Your goal:
Print the data exactly. Omit the pictures.

Data extract:
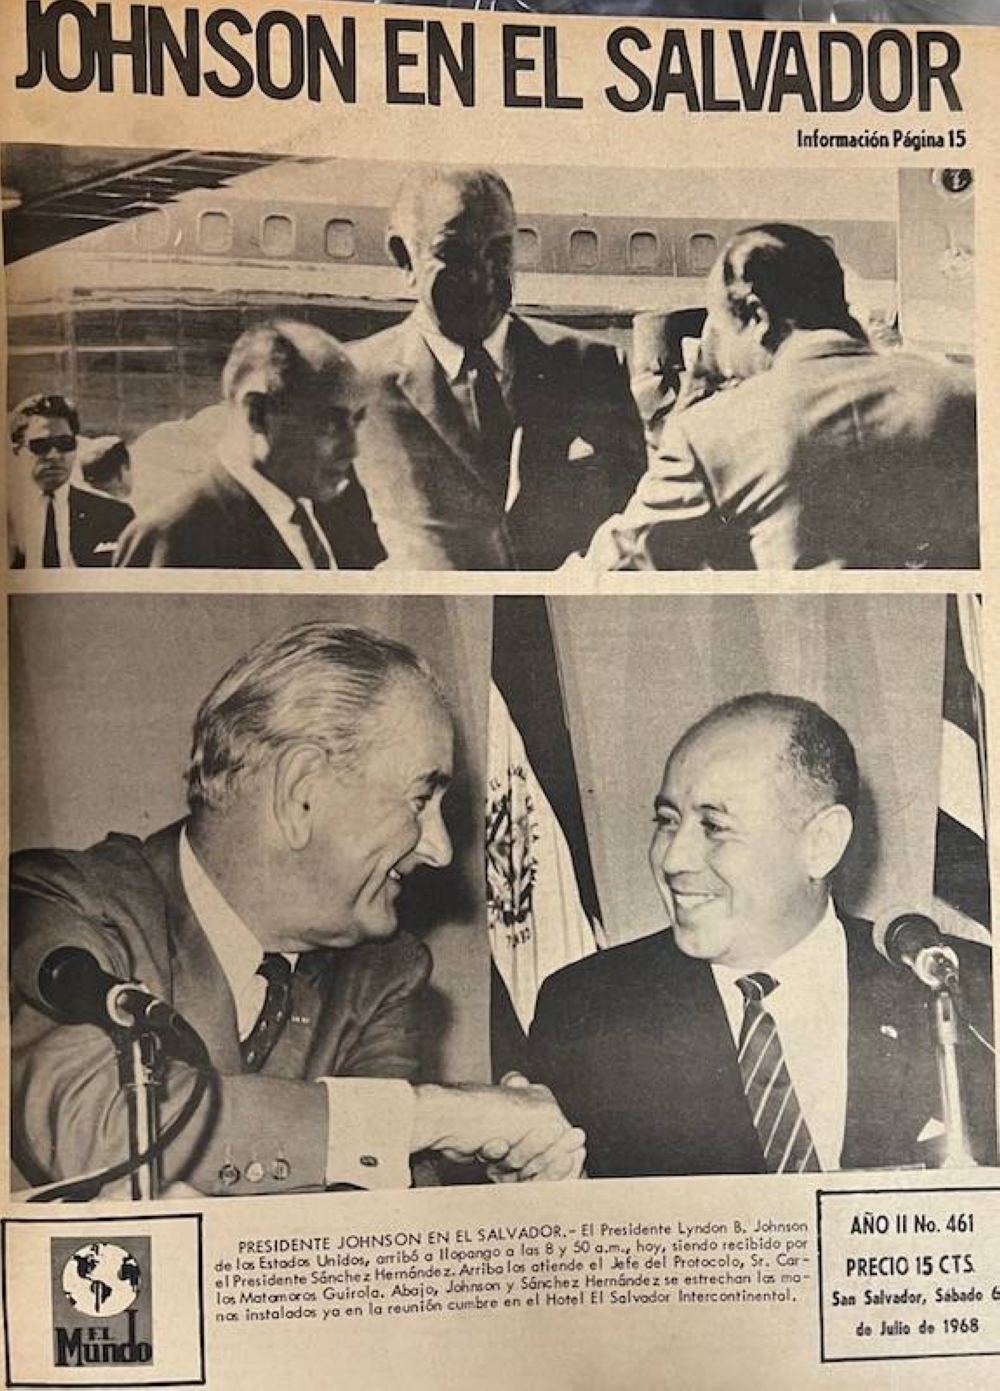 La portada de Diario El Mundo informa de la visita de Johnson.
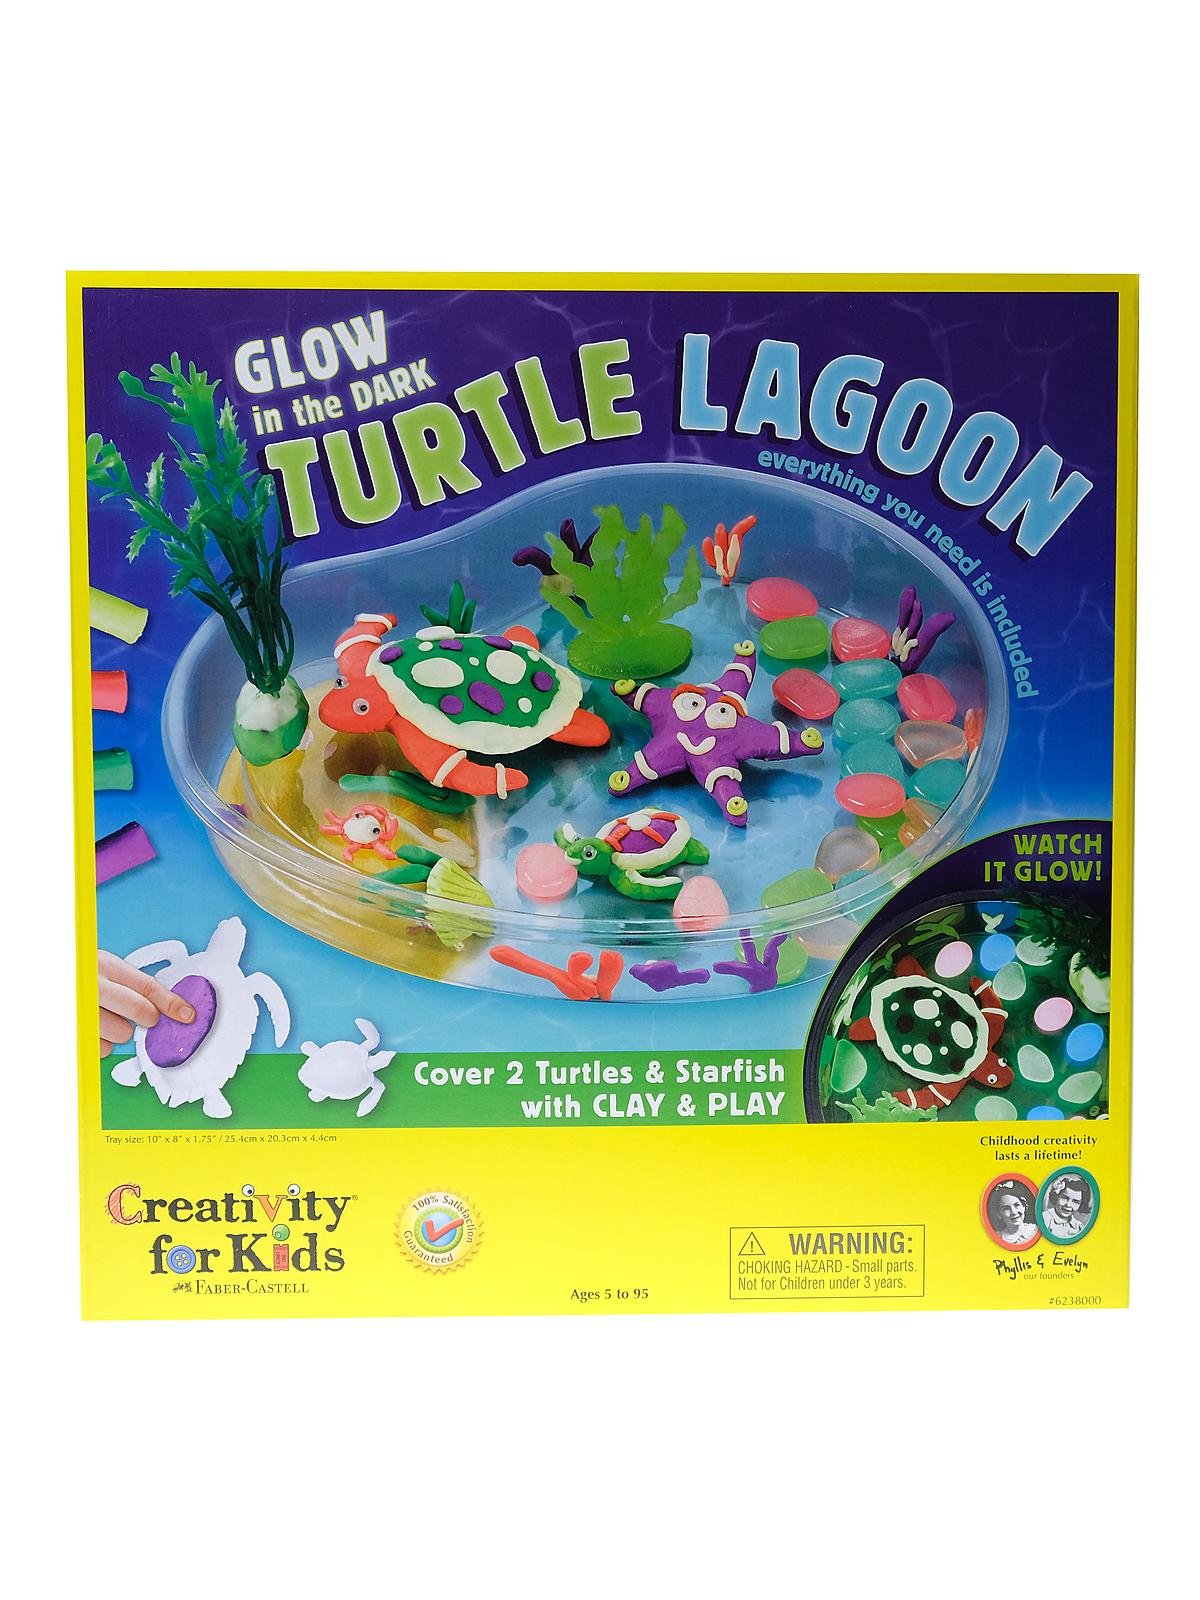 Creativity For Kids - Glow in the Dark Turtle Lagoon
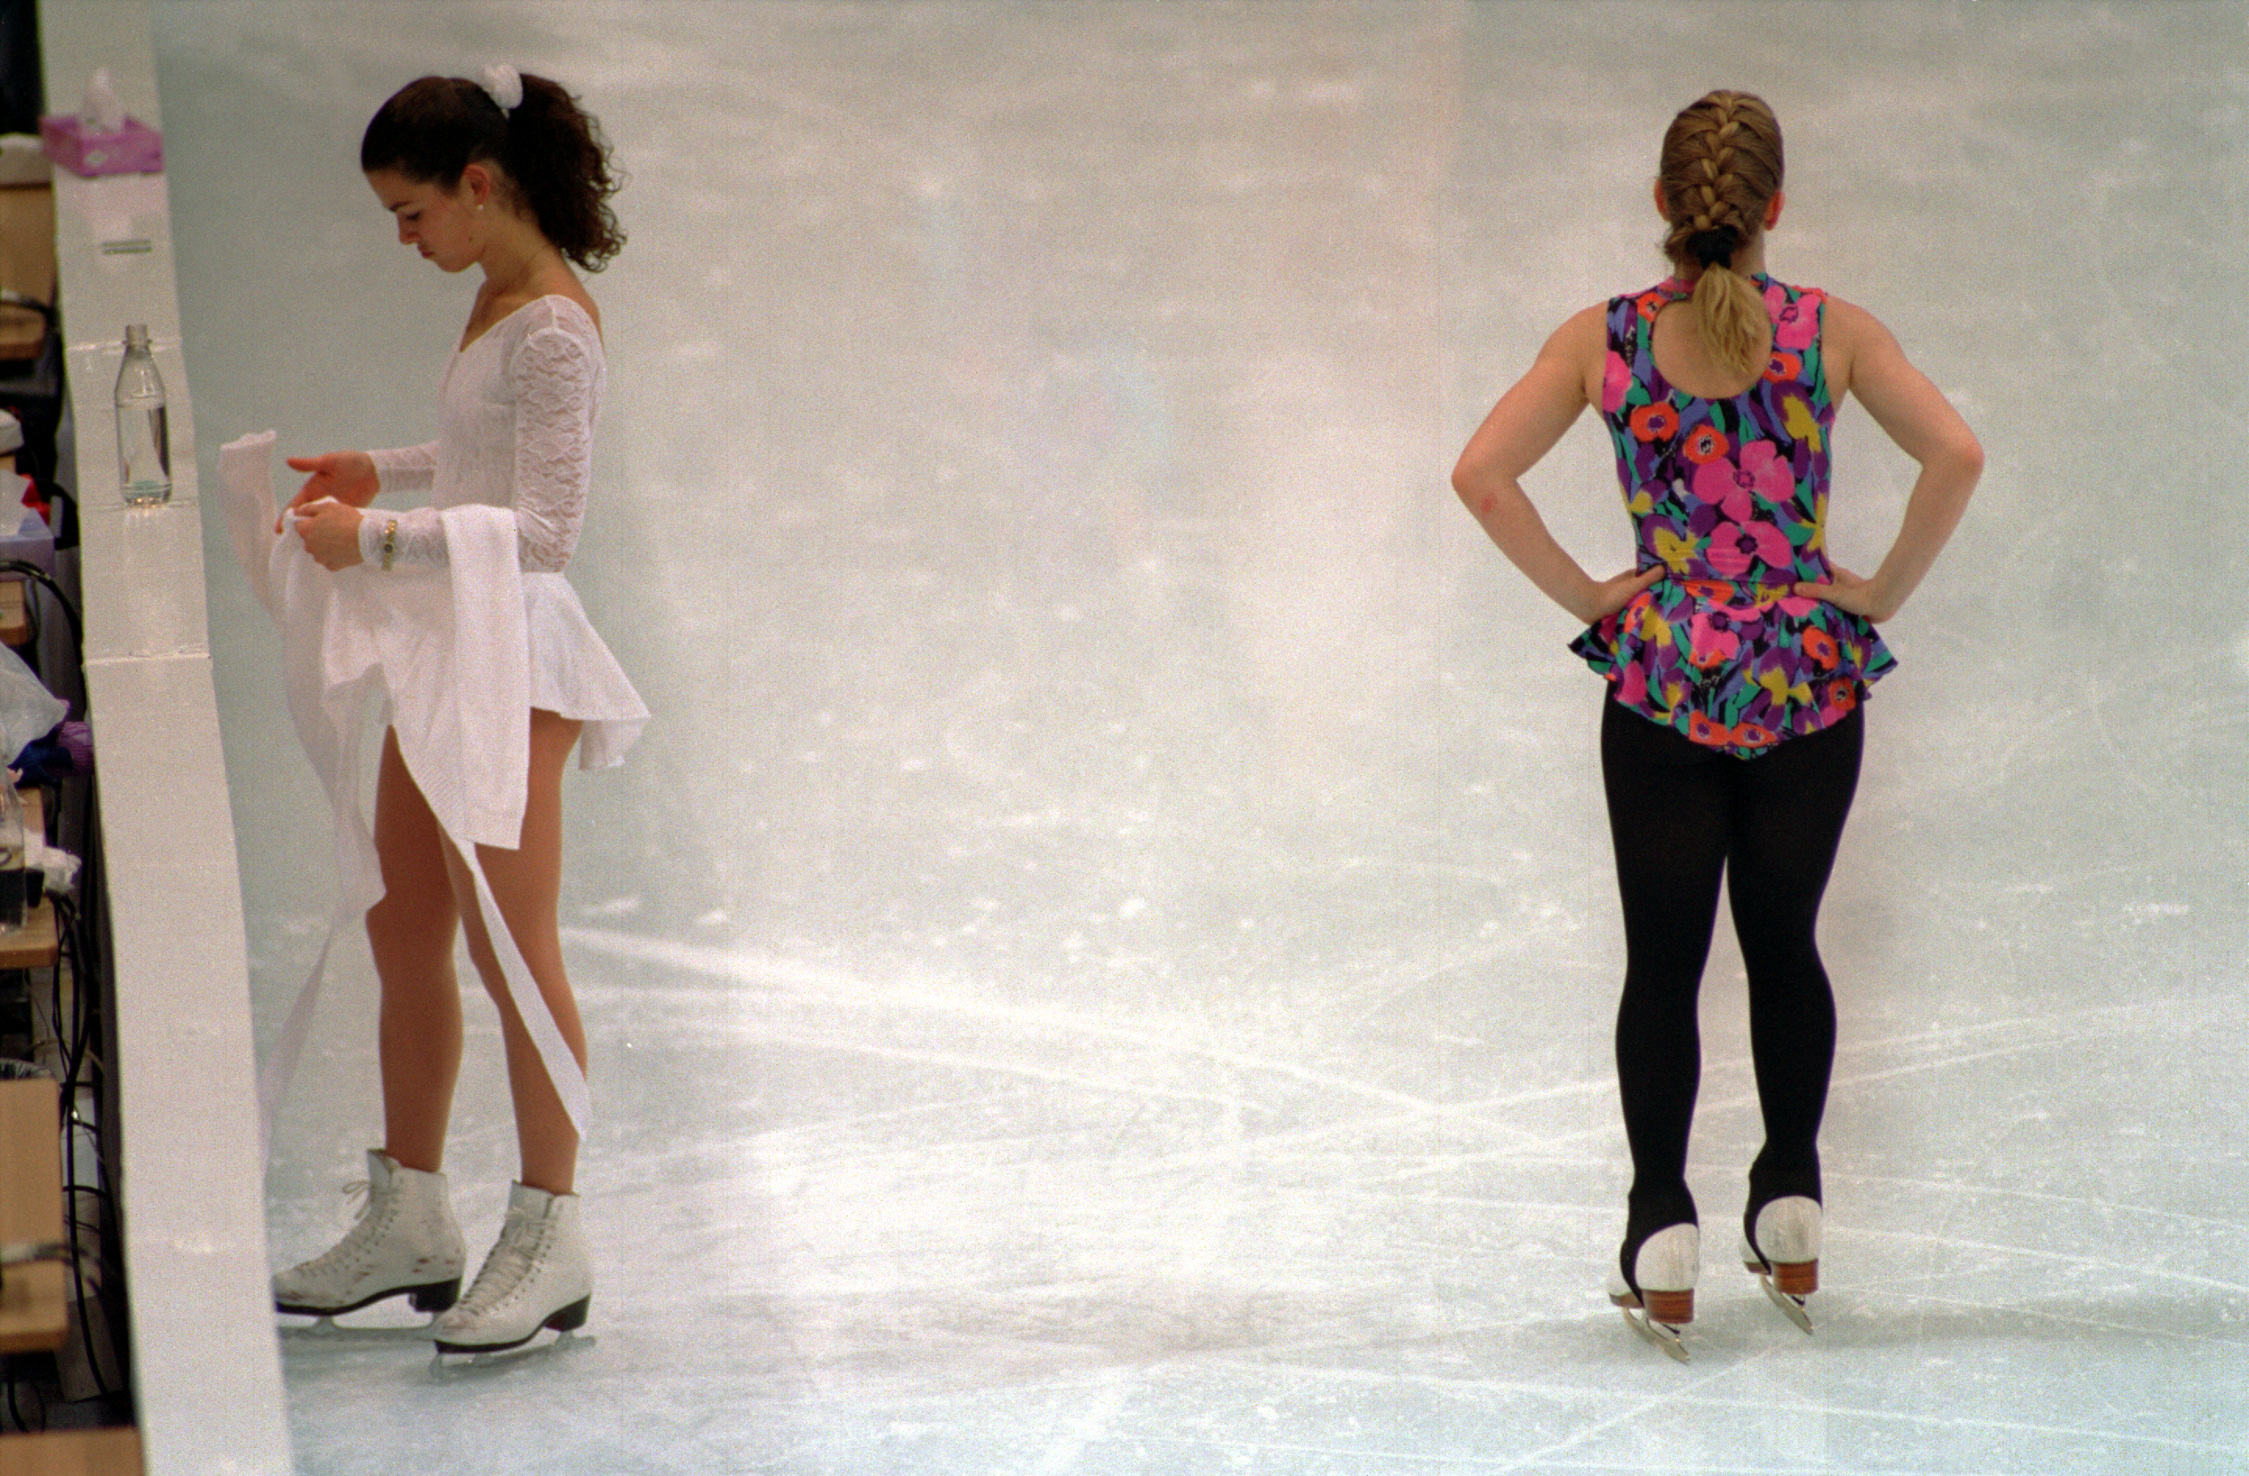 Nancy Kerrigan and Tonya Harding practicing at the 1994 Lillehammer Olympics.
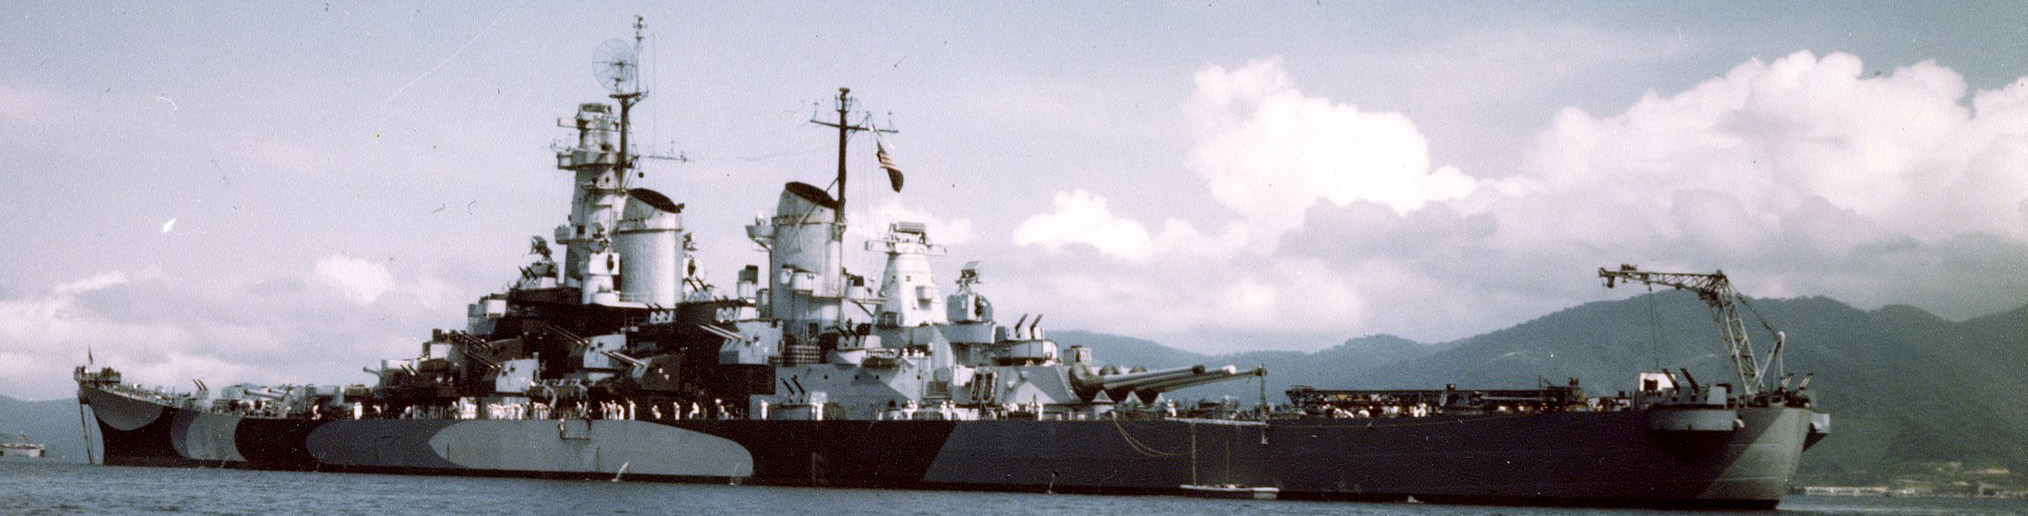 Size comparison of the battleship USS Missouri (BB-63) moored near

Exercise solution:
 La portada de Diario El Mundo informa de la visita de Johnson.
 Creativity For Kids - Glow in the Dark Turtle Lagoon
 Nancy Kerrigan and Tonya Harding practicing at the 1994 Lillehammer Olympics.
 Size comparison of the battleship USS Missouri (BB-63) moored near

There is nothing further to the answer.